Black holes hitting the moon spark new controversy

Scientists have made a new claim about mini black holes that could shed light on the mysterious nature of dark matter…

Scientists have sparked a new debate about black holes that they believe hit the moon,leaving traces on our satellite. In fact, the researchers suggest that these claims will end the existing debate about dark matter. Researchers at Illinois State University (U.S.) and the Canadian Institute for Theoretical Astrophysics have released new explanations for their recent study. Here are the studies and explanations that stand out…

We have to study the moon for black holes!

The paper, published by two researchers at the Royal Astronomical Society,attracted a lot of attention. The study’s co-author, physicist Dr. Matt Caplanof Illinois State University, told CNET. Recently, the physicist said we could find fingerprints of black holes on the moon.

Black holes and dark matter debate

According to the study, black holes the size of atoms formed shortly after the Big Bang. These hyper-dense objects moved all over the universe and hit the moon. These mini-objects hit many cosmic bodies, including Earth, the study authors said. However, due to the thin atmosphere of the moon, our satellite was not as lucky as we were.

The study’s co-author, theoretical physicist Almog Yalinewichof the Canadian Institute for Theoretical Astrophysics, explained. “There’s basically nothing special about the moon,” Yalinewich said. The only reason we’re looking at the moon is because we know more. Some moons of Neptune, Jupiter or Mercury may also be good candidates,” he said.

Dark matter and black hole

Going a step further, the researchers said traces of the collision may still be on the moon. The impact will create small craters several meters wide with different shapes and characteristics than conventional asteroid impacts, the researchers said.

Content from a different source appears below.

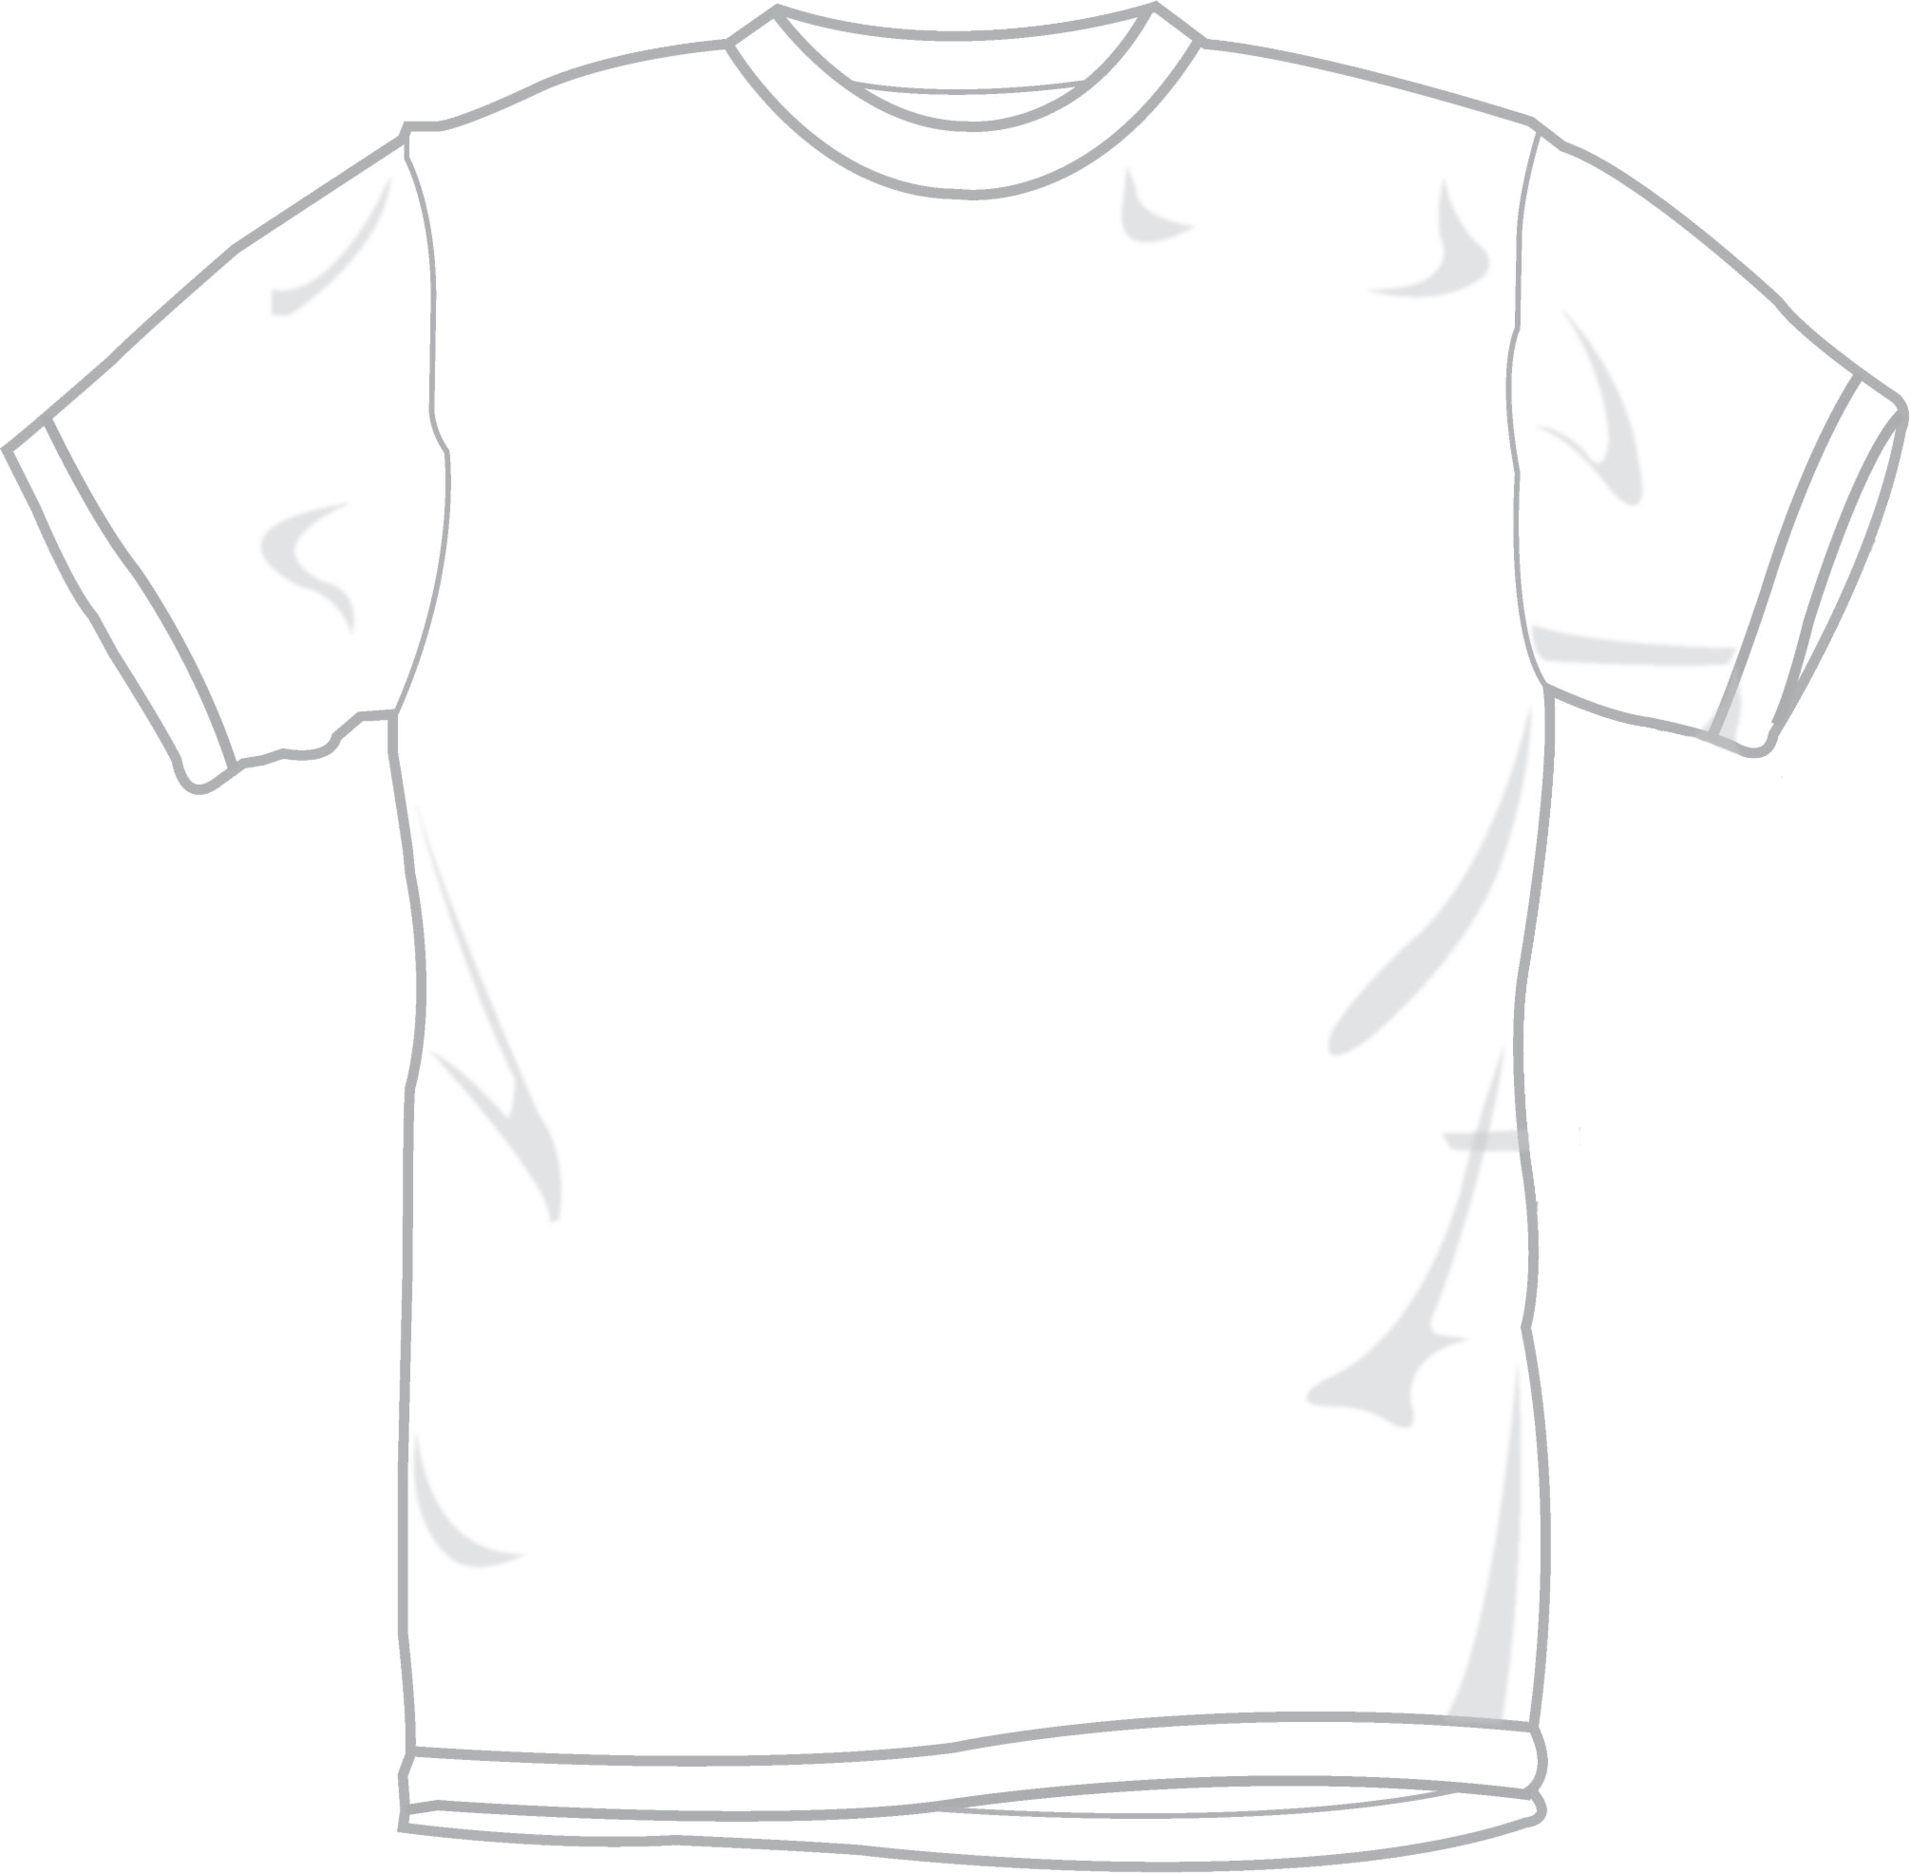 Download Blank White T Shirt Template | Wallpapers.com

The team claims that if we find craters on the moon that fit this definition, we will prove the existence of these small, primitive black holes. To do so, he says, we’ll find these craters on future manned lunar missions like NASA’s Artemis program.

The researchers suggest the findings could shed light on dark matter. Many physicists believe that dark matter explains the majority of matter in the universe. According to the paper, scientists believe dark matter is made up of black holes made up of density fluctuations in the primitive universe. Therefore, if the mini black holes at the beginning of the universe pierced the moon, there is a possibility that dark matter will leave behind.